Denise Whiting is known around Baltimore as the woman who trademarked "Hon"--a local term of endearment that has become so entrenched in the city's culture that there is a yearly festival dedicated to the beehived women who coined the term.
Since the community found out about her not-so-secret desire to control the market for "Hon" merchandise across the city, she and her local businesses have been the subject of protests.
But thanks to a court order, one of those protesters won't be able to get near her anymore.
Steven Akers has been at the forefront of the anti-"Hon" protests, challenging Whiting's right to control a word that arguably belongs to the public, reports The Baltimore Sun.

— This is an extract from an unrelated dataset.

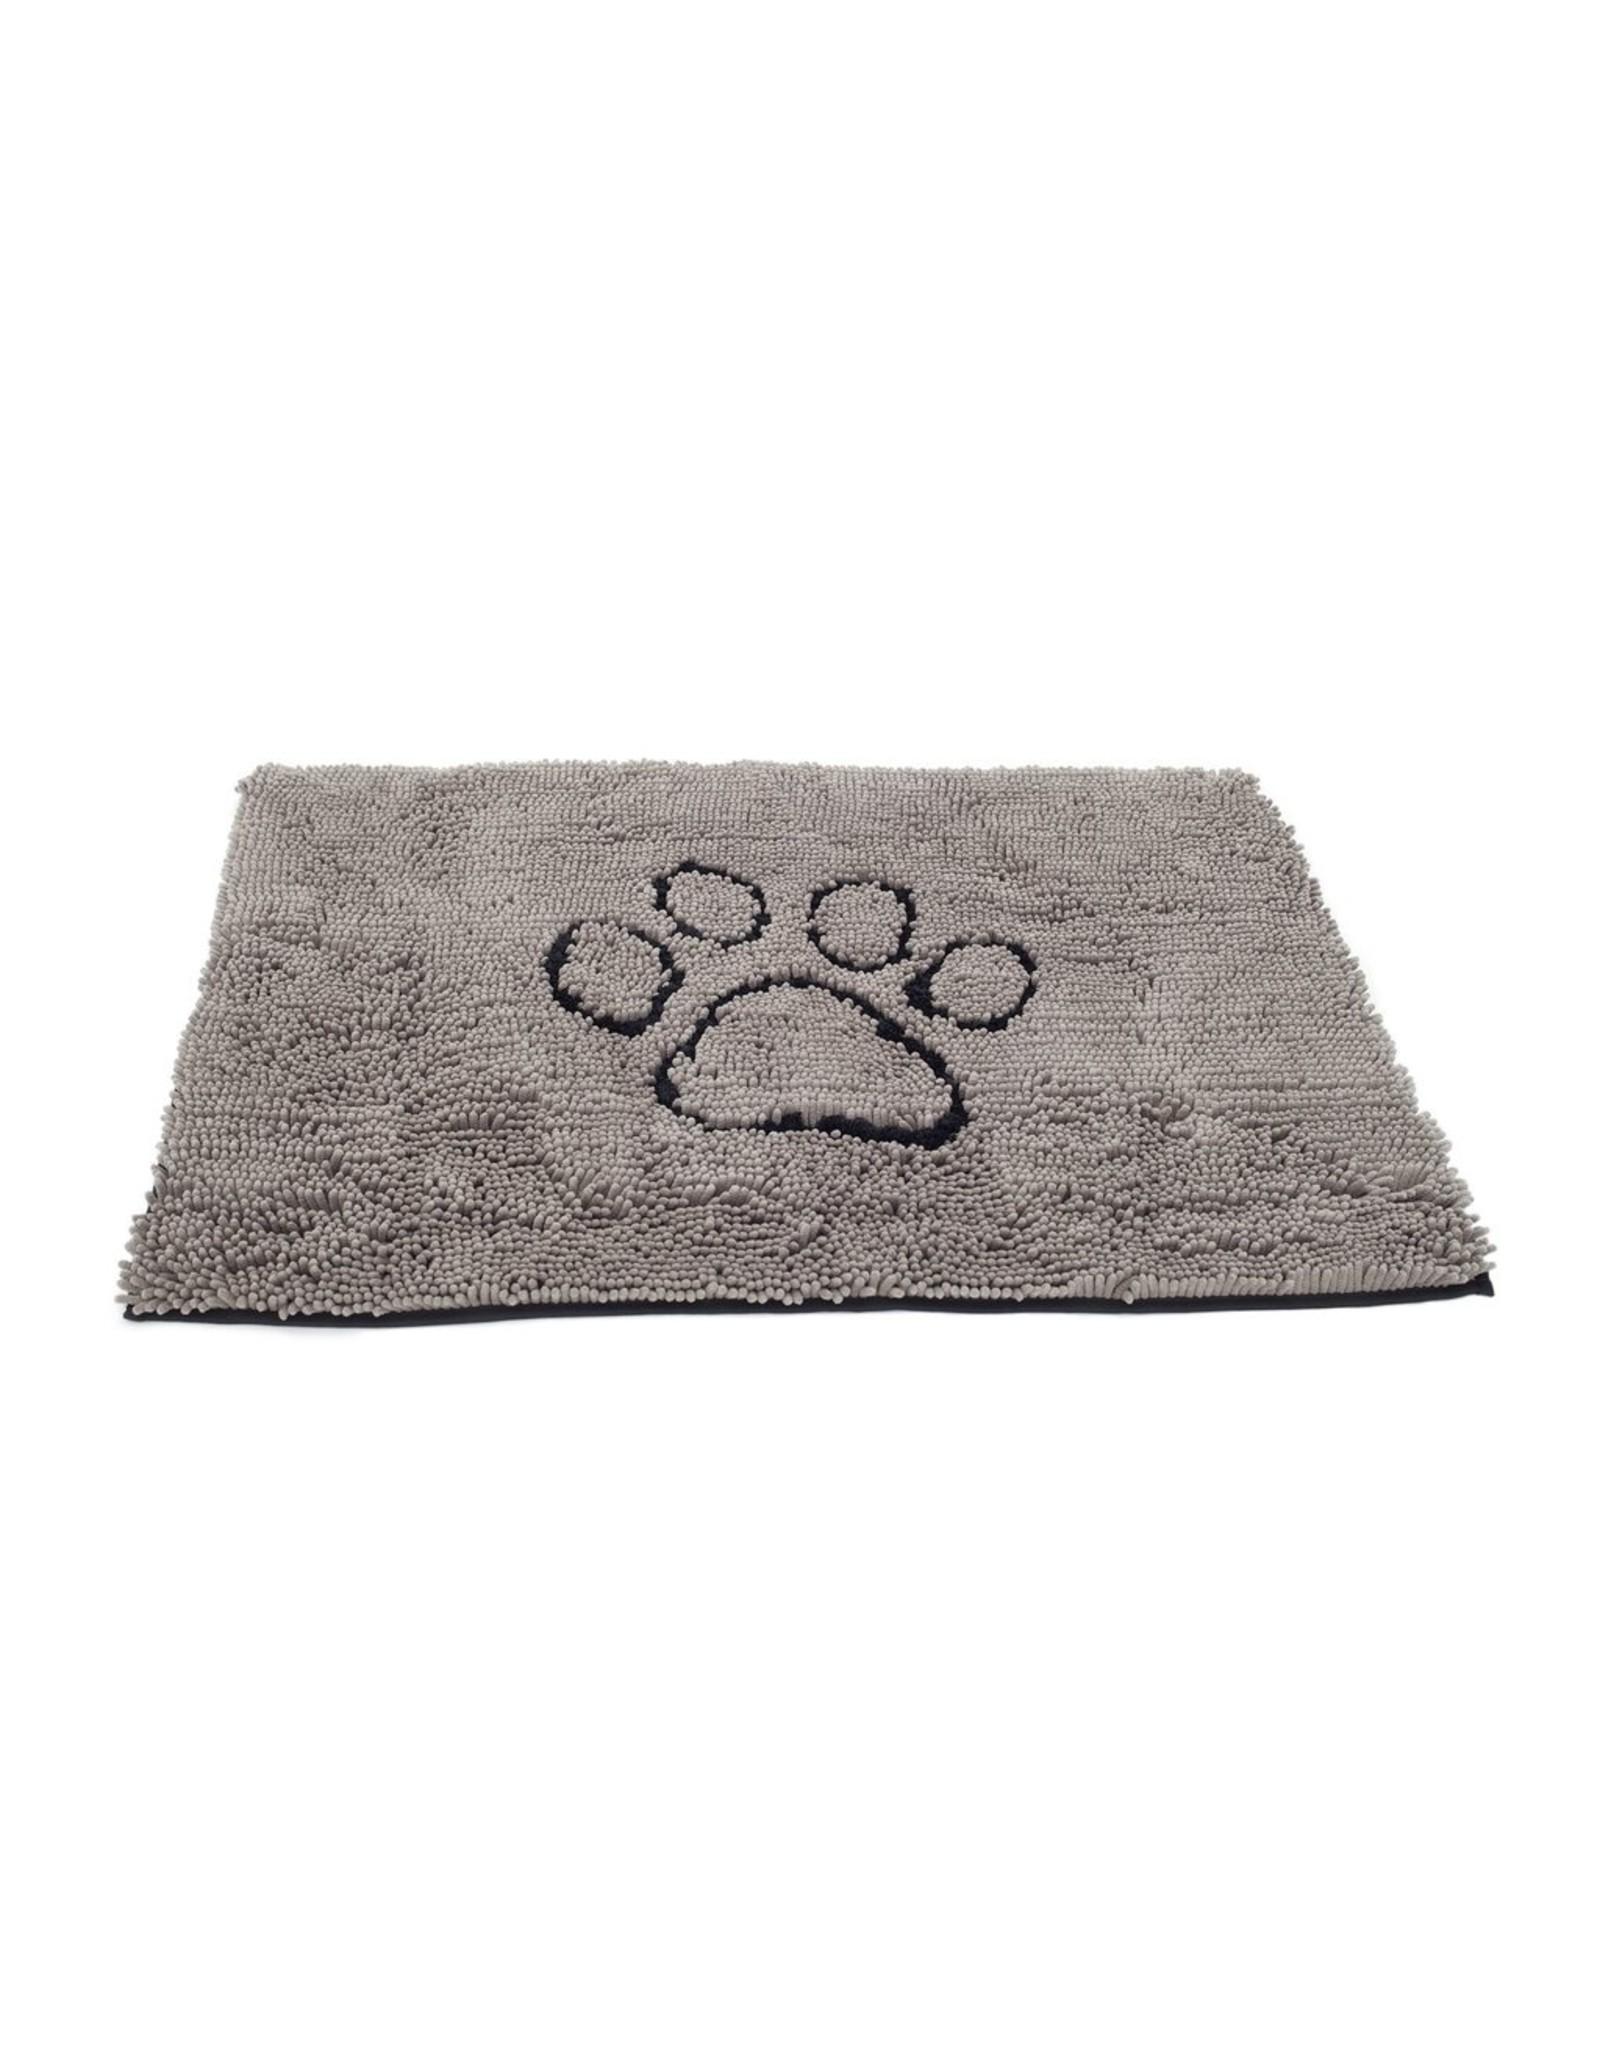 "DGS Pet Products Dirty Dog Doormat Super Absorbent Rug Medium 31"" x 20"""
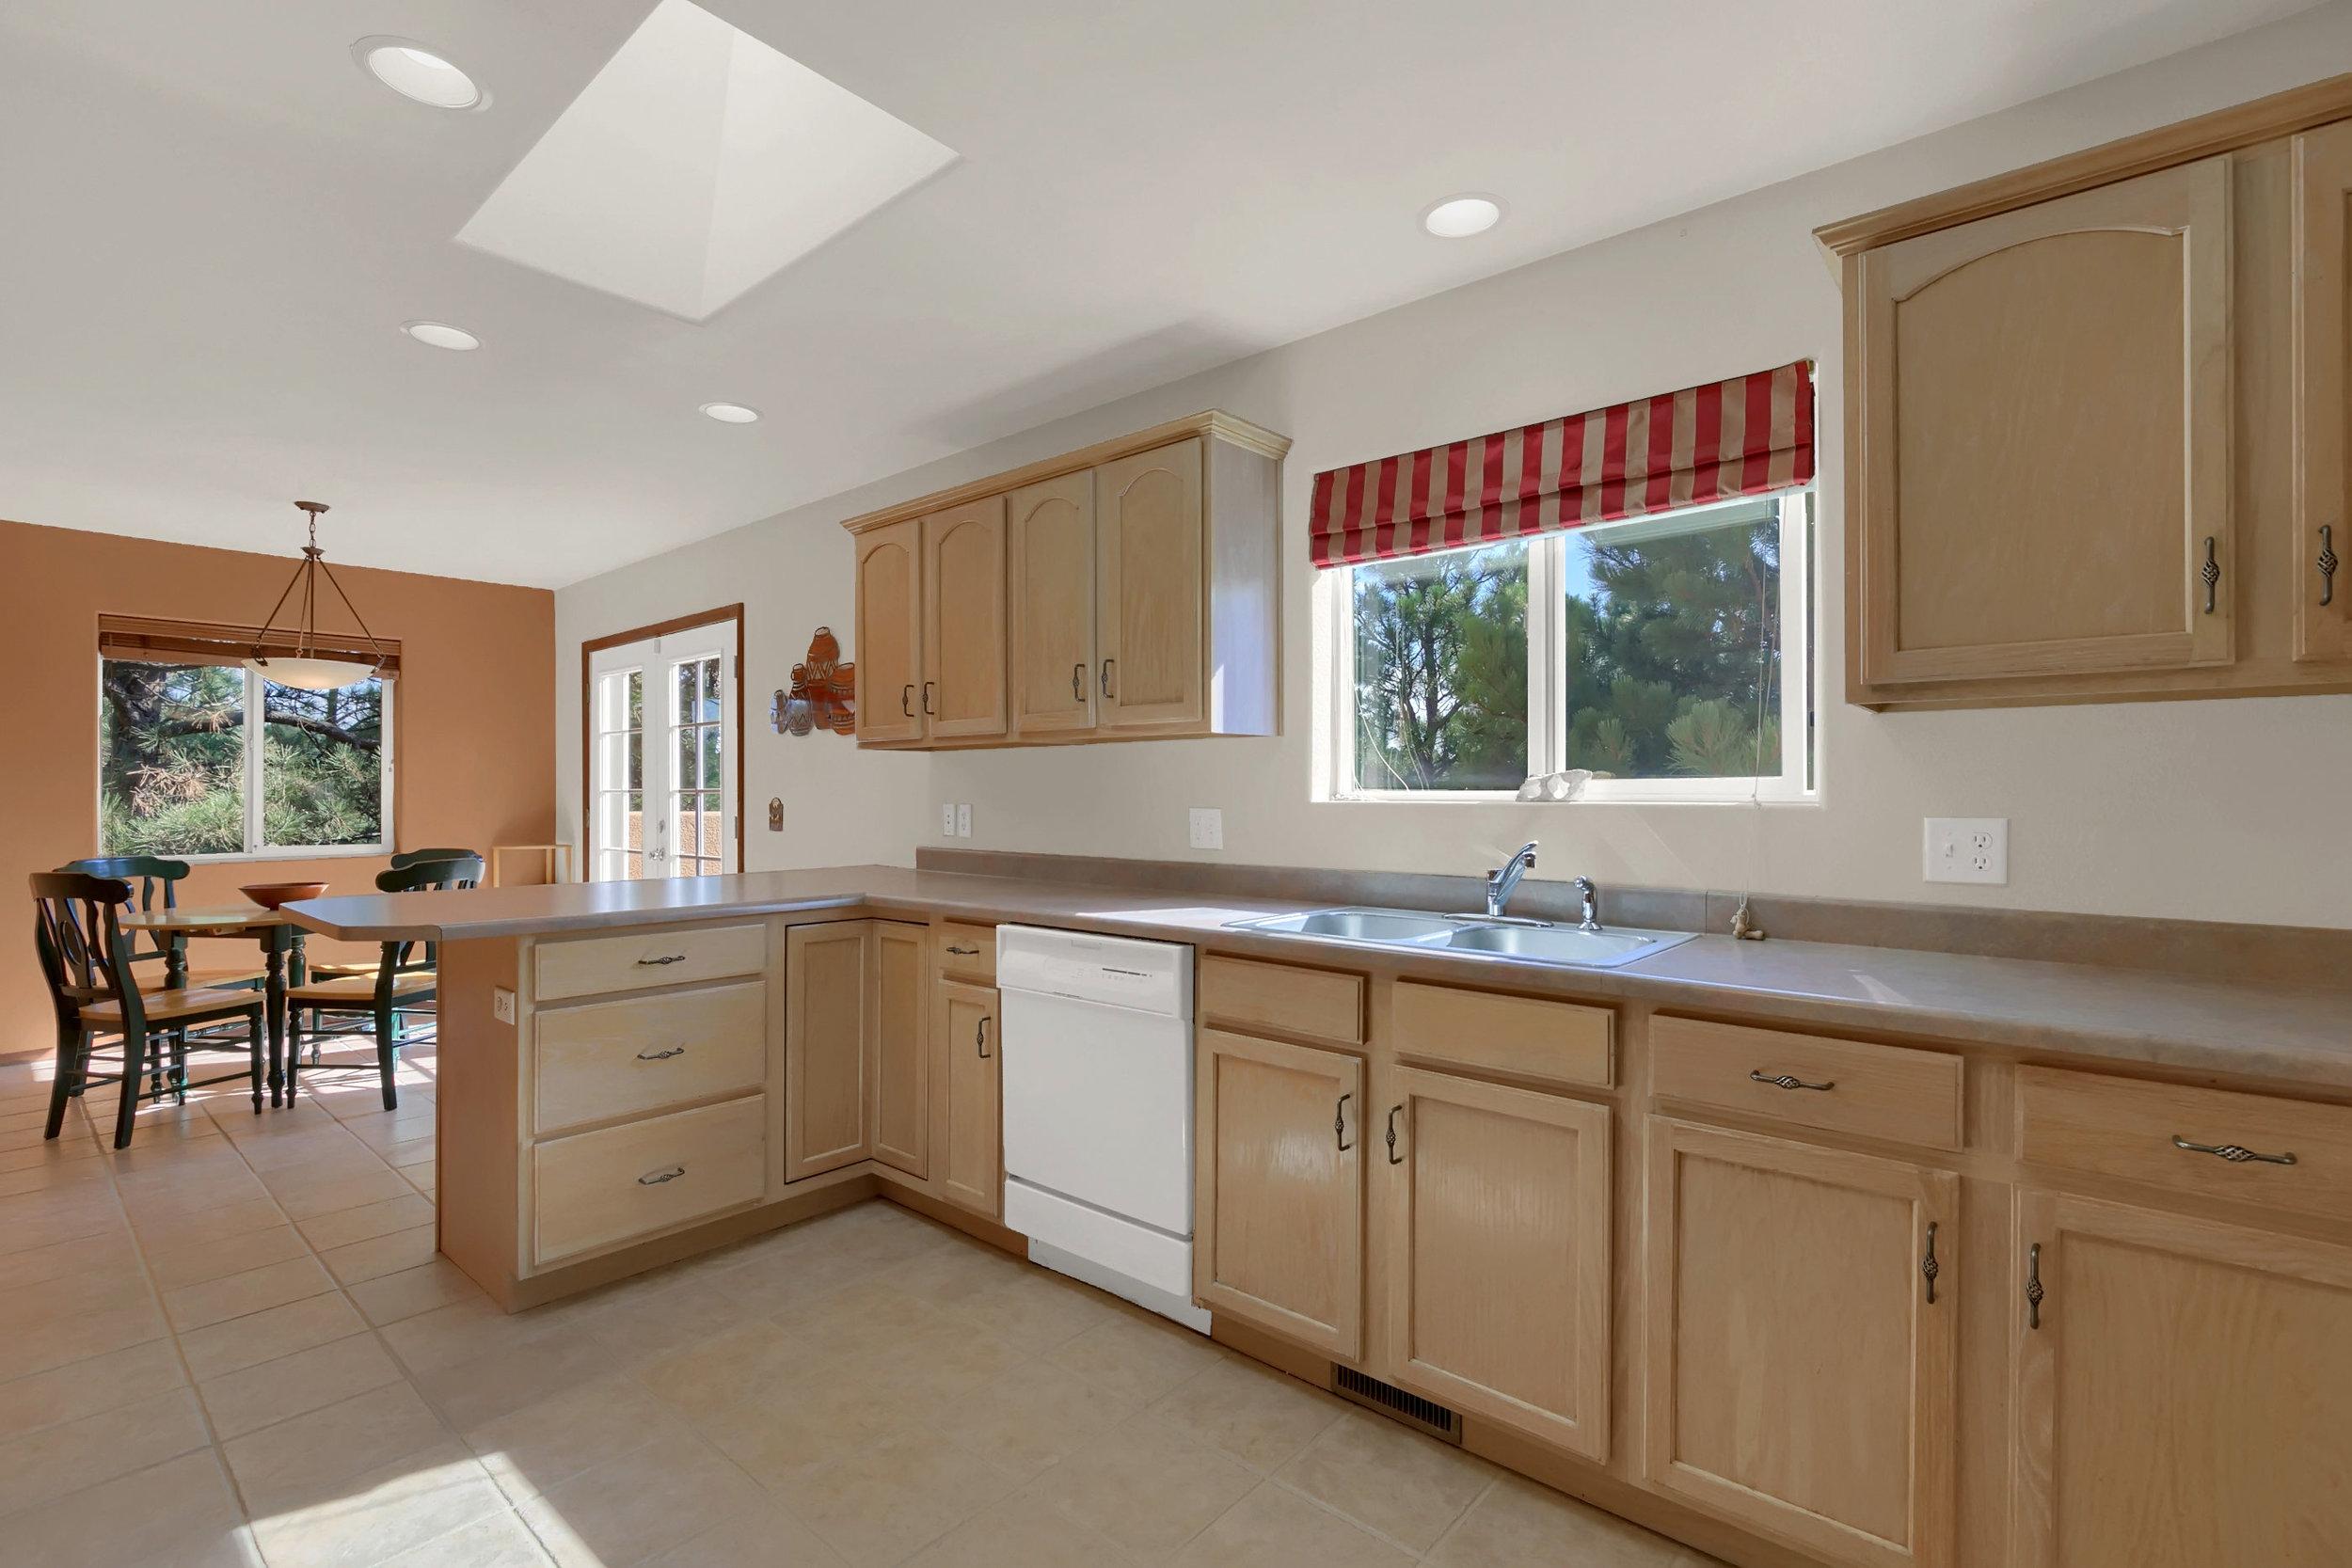 1605 Vickers Drive Colorado-print-013-012-Kitchen-2800x1867-300dpi.jpg

On Monday, a local judge issued Whiting a restraining order against Akers, barring him from contacting or harassing her.
She claims that he has harassed, terrorized, threatened, cyberbullied, and stalked her, according to the paper.
The real issue here isn't a restraining order. No, it's trademark law.
"Hon," at its very essence, is a slang term for "Honey," that is generally associated with a region and is part of common vernacular.
Trademark law is supposed to protect logos and names that designate a product's origin. Names and words, if not trademarked in visual format or placed on a specific type of product, only identify products if they are unique.
She apparently just trademarked the word "Hon" and reserved the right to plaster it on bumper stickers, plates, napkins, t-shirts, and anything else she can get her hands on.
Now that Steven Akers can't spend his time protesting Denise Whiting, he should definitely get to work on finding a lawyer willing to challenge her offensive trademark.